Law: Natürlich hätten wir China immer stärker die Stirn bieten können, insbesondere wenn wir uns die letzten Jahrzehnte ansehen. Man hat eine Politik der Zusammenarbeit verfolgt, aber diese hat China nicht liberalisiert oder demokratisiert. Wir müssen daher Entschlossenheit zeigen, wenn es um die Umsetzung konsequenter und entschiedener Maßnahmen geht. Das erfordert Handeln und nicht nur Worte.
tagesthemen: Sie haben ja viel dafür getan. Sie haben viele Proteste unterstützt. 2014 standen Sie in der ersten Reihe der Regenschirm-Studentenbewegung. Seitdem haben Sie die Macht des Regimes zu spüren bekommen. Haben Sie noch Hoffnung auf eine demokratische Zukunft für Hongkong?
Law: Ich wurde 2016 zum jüngsten Volksvertreter gewählt, aber dann wurde ich aus dem Rat ausgeschlossen, ins Gefängnis geworfen, und obwohl ich als Aktivist so viele Turbulenzen erlebt habe, glaube ich immer noch daran, dass die Menschen in Hongkong mutig und entschlossen sind, wieder die Kontrolle über die Zukunft Hongkongs zu übernehmen. Es ist nur eine Frage der Zeit. Dafür brauchen wir die Unterstützung der internationalen Gemeinschaft. Sie darf nicht das Interesse verlieren. Gemeinsam können wir China zur Verantwortung ziehen und Hongkong zu einem freien und demokratischen Ort machen.

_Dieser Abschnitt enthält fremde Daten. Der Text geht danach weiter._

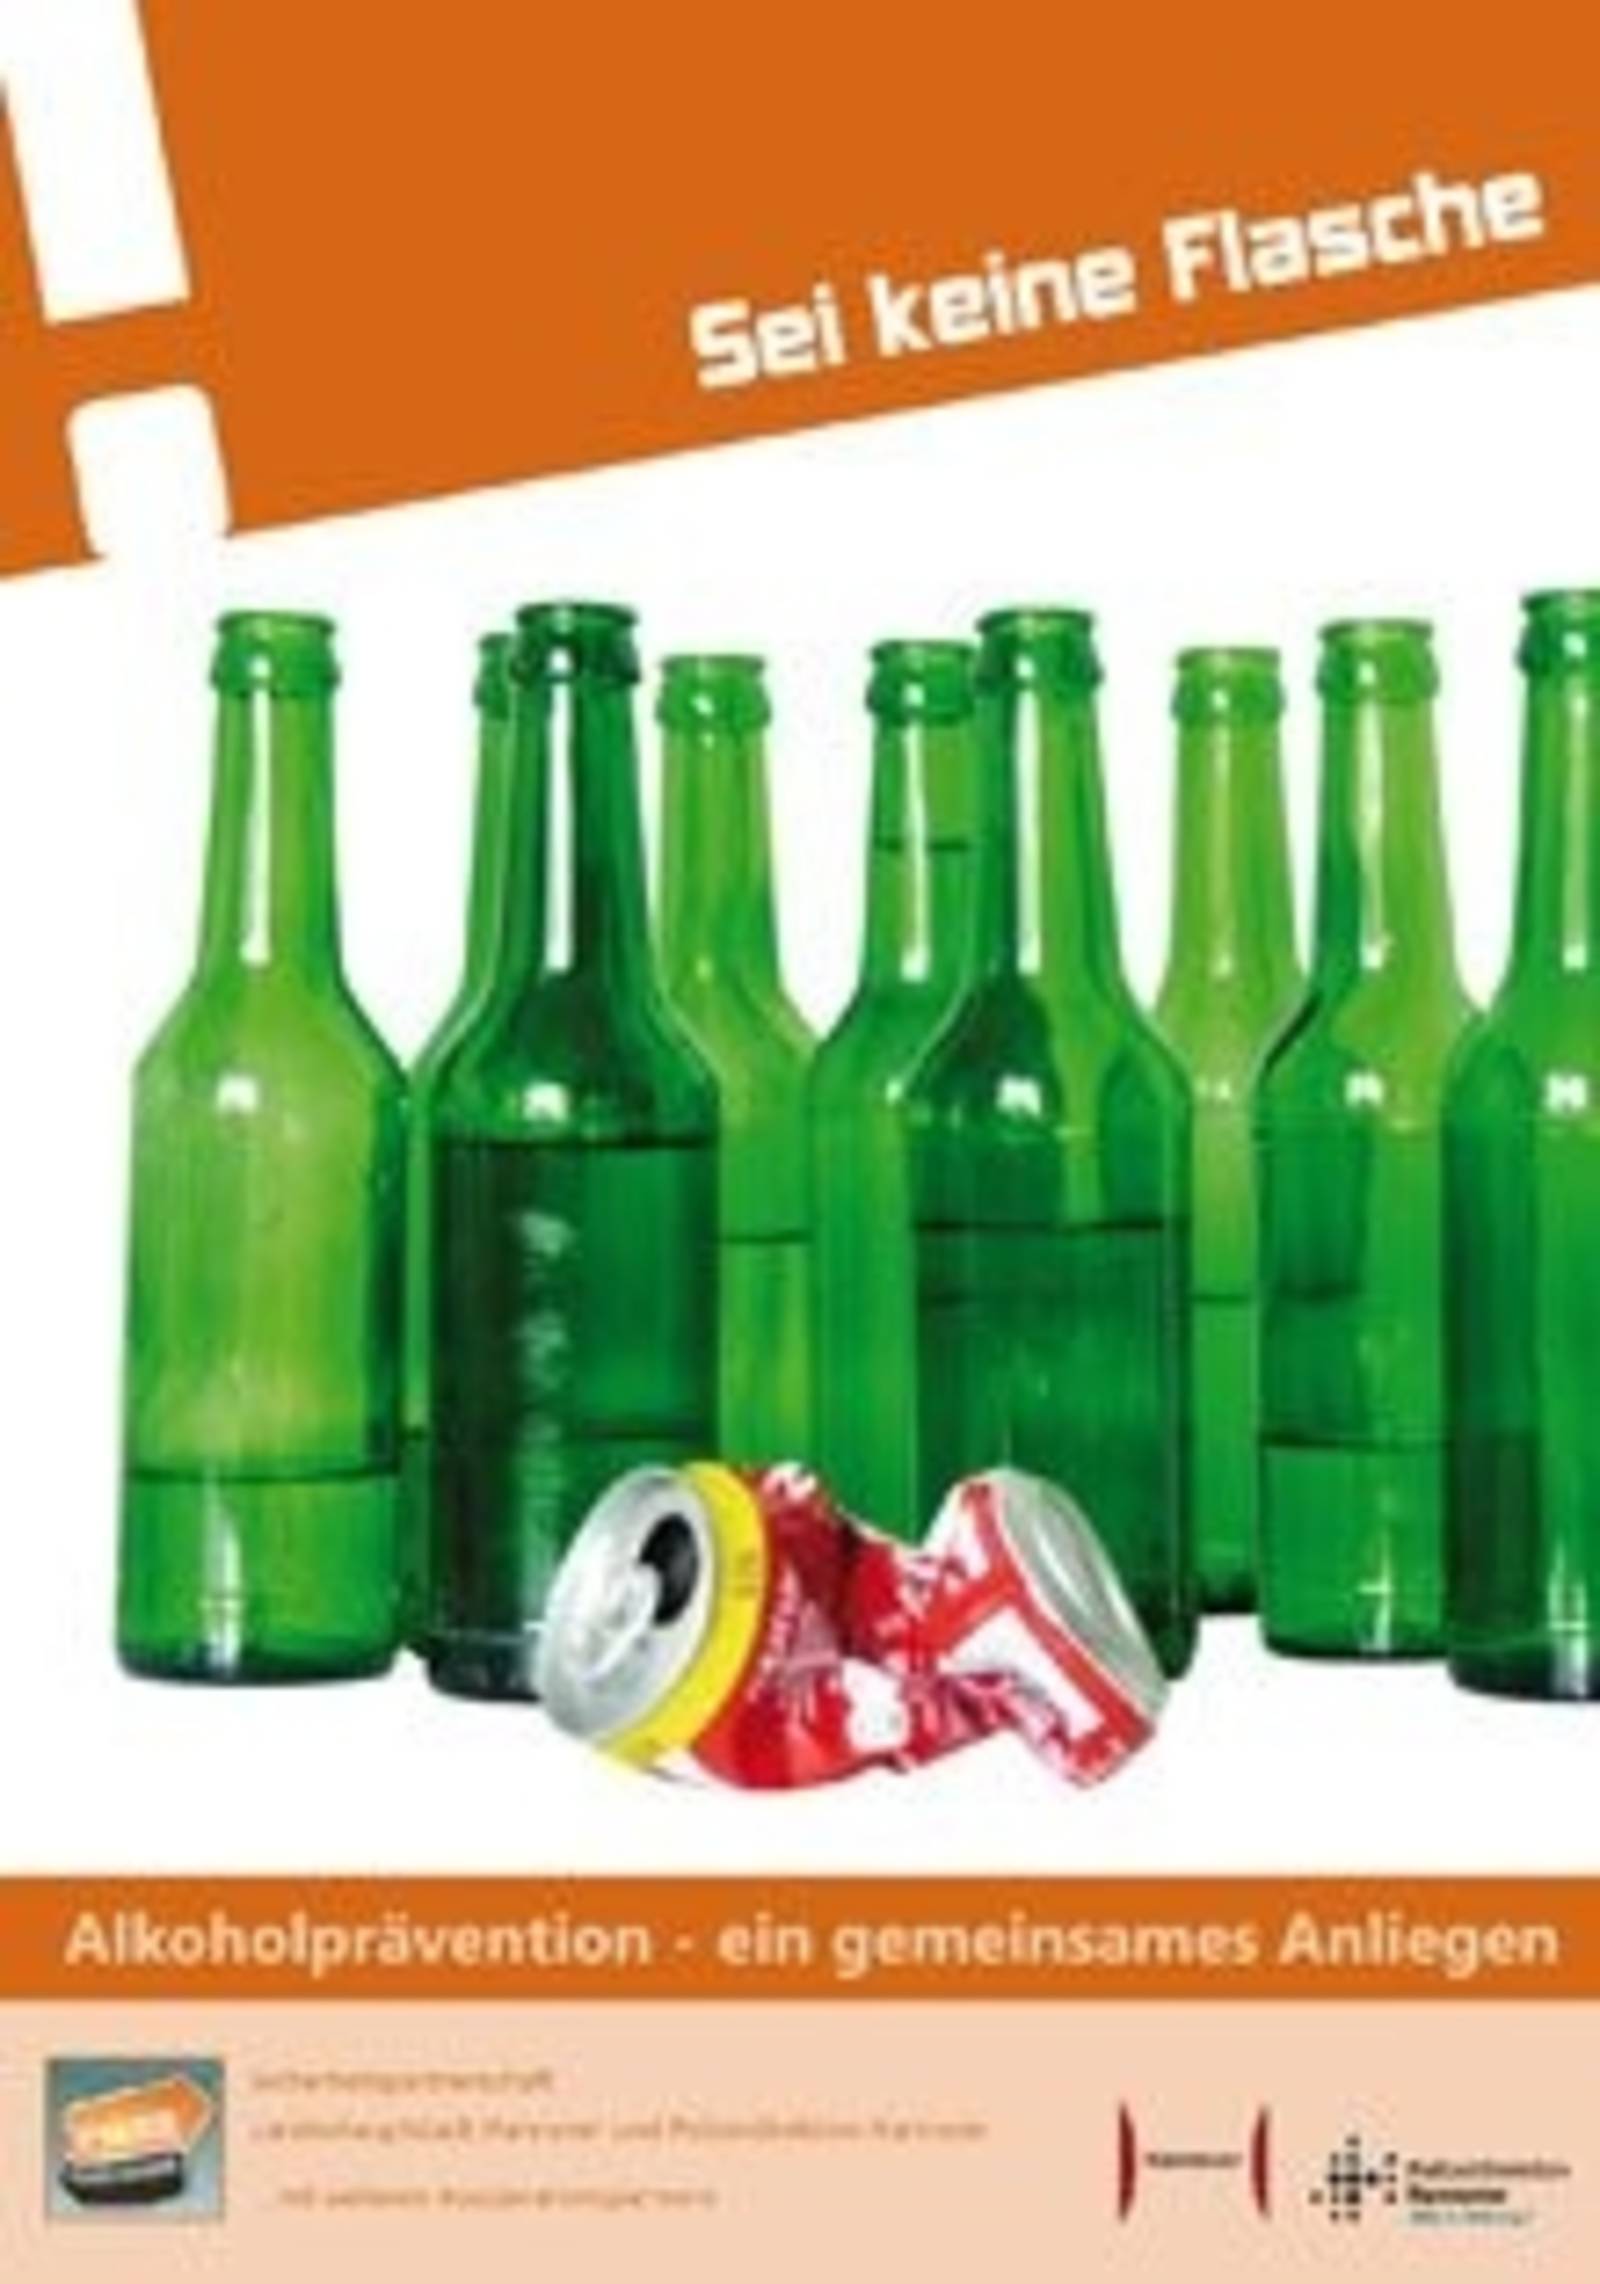 Plakat "Sei keine Flasche" für Alkoholprävention

tagesthemen: Die chinesische Regierung hat erst kürzlich auch für Sie einen internationalen Haftbefehl erlassen. Fühlen Sie sich noch sicher in Ihrem Londoner Exil?
Law: Ich bin zwar in London, aber wir wissen ja alle, wie weit der starke Arm Chinas reicht. Ich ergreife daher noch gewisse Sicherheitsmaßnahmen: Ich ziehe zum Beispiel ständig um und behalte meine Umgebung immer im Auge. Aber letzten Endes ist meine Situation zu derjenigen in Hongkong doch relativ sicher. Ich mache mir wirklich große Sorgen um sie und hoffe, dass die internationale Gemeinschaft Druck ausübt, der stark genug ist, China dazu zu bewegen, diese drakonischen Sicherheitsgesetze nicht wieder anzuwenden.